_Task to complete_
Restate the listing below line for line and word for word, without the pictures.

_Dataset excerpt_
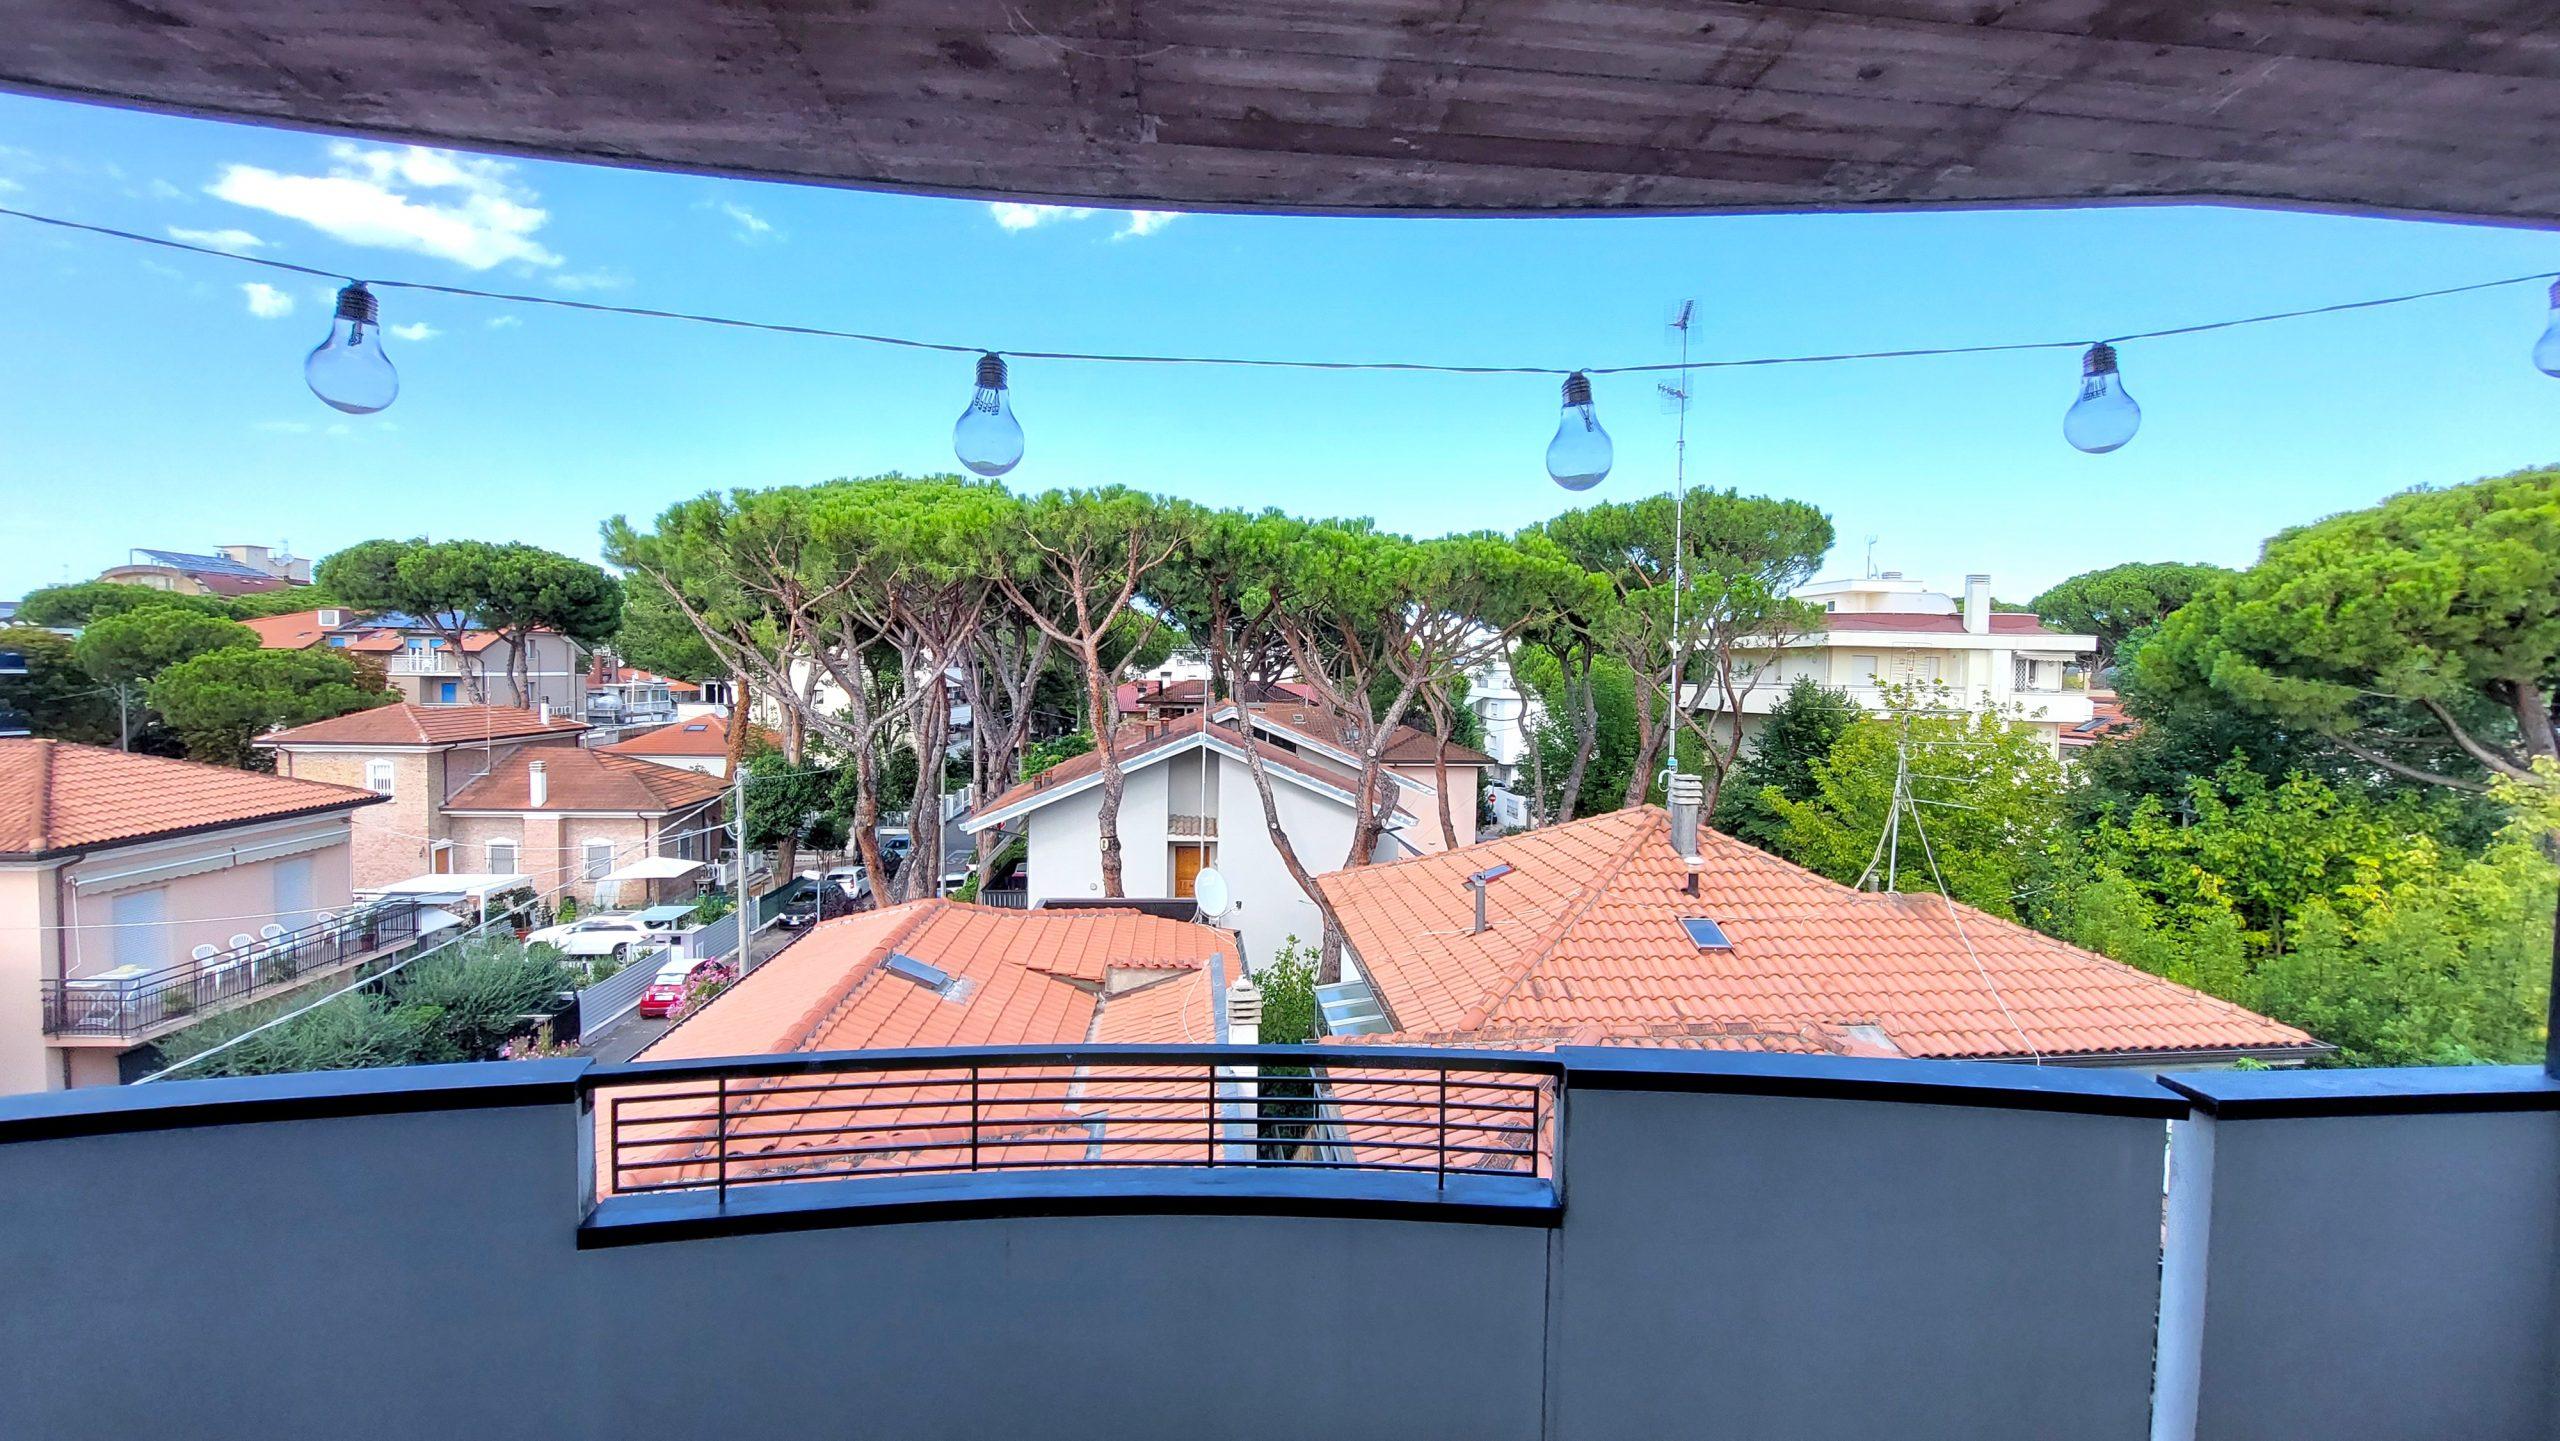 RICCIONE ALBA, app. piano alto terrazzo abitabile in vendita
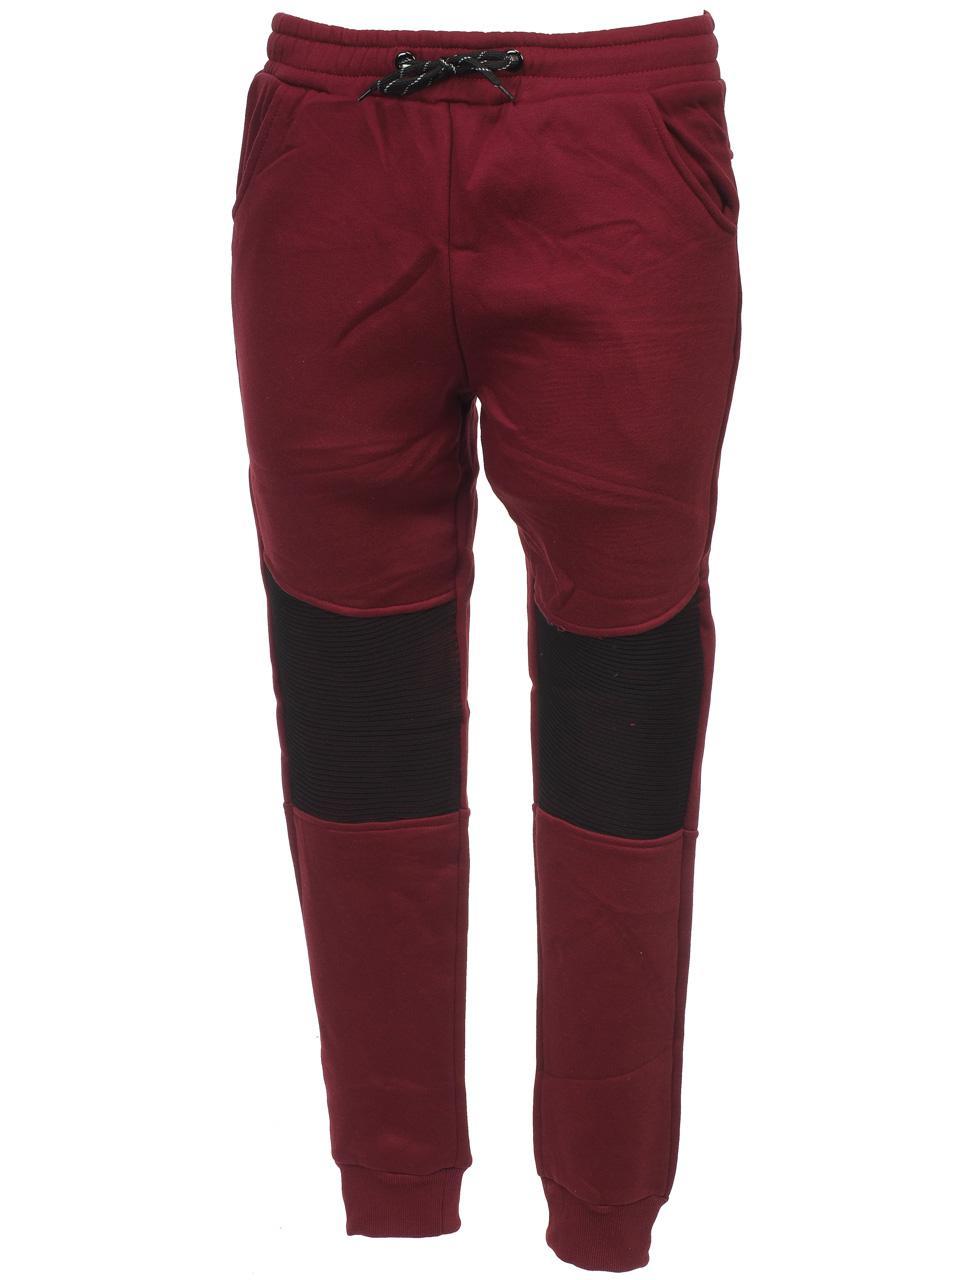 survt bdxnoir Key couture Survetement Rouge west ensemble Hite waYUqzA
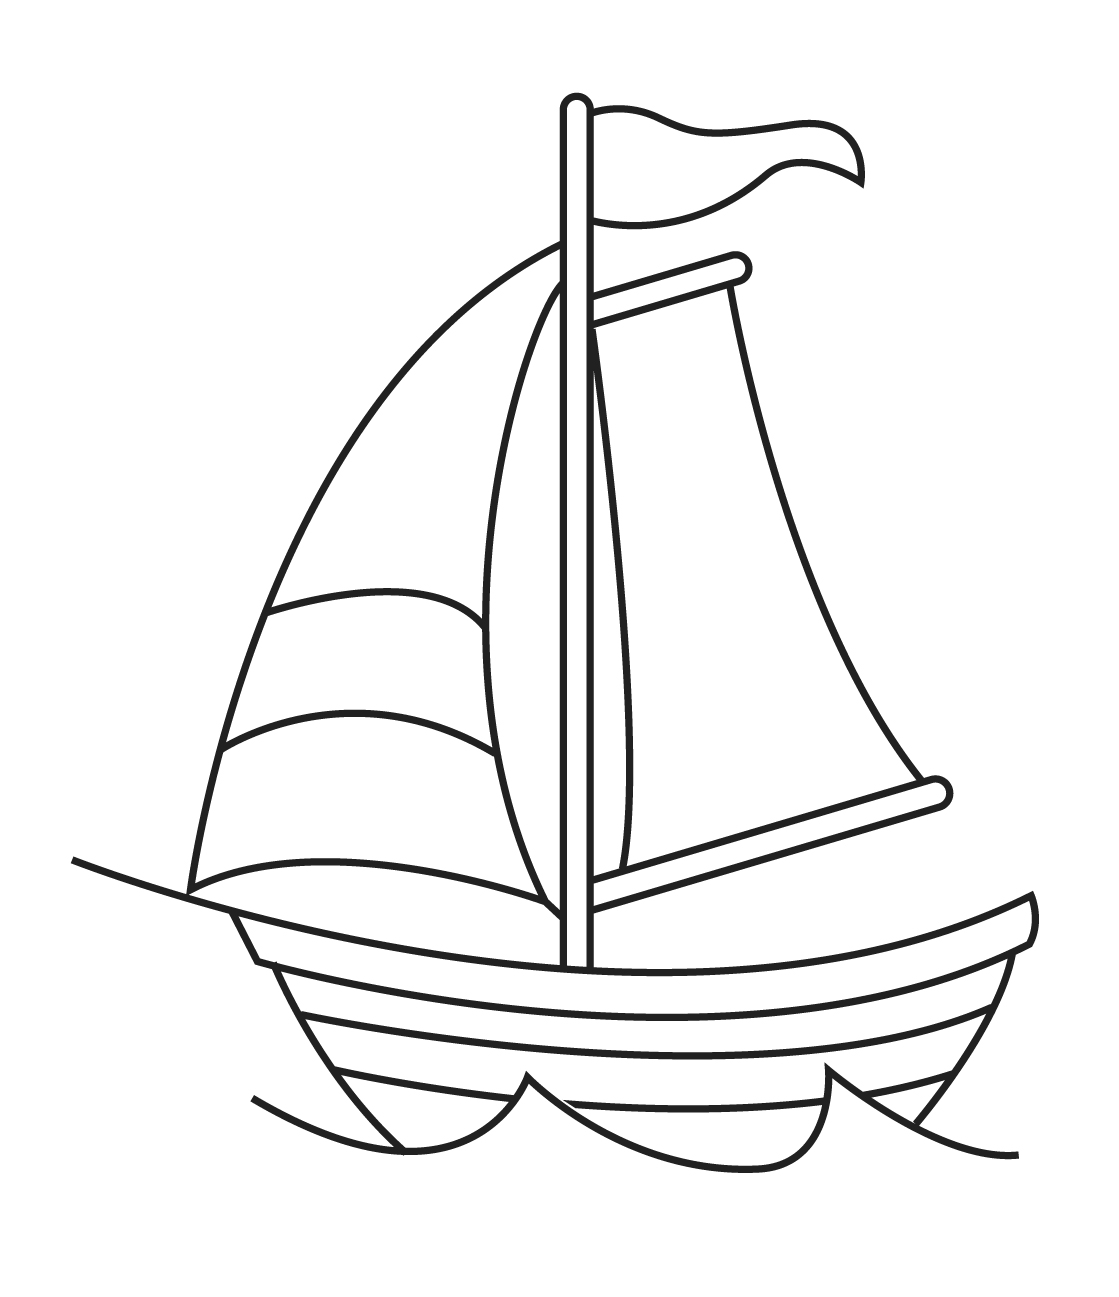 Boat Diagrams Basic

_Response_
 RICCIONE ALBA, app. piano alto terrazzo abitabile in vendita
 survt bdxnoir Key couture Survetement Rouge west ensemble Hite waYUqzA
 Boat Diagrams Basic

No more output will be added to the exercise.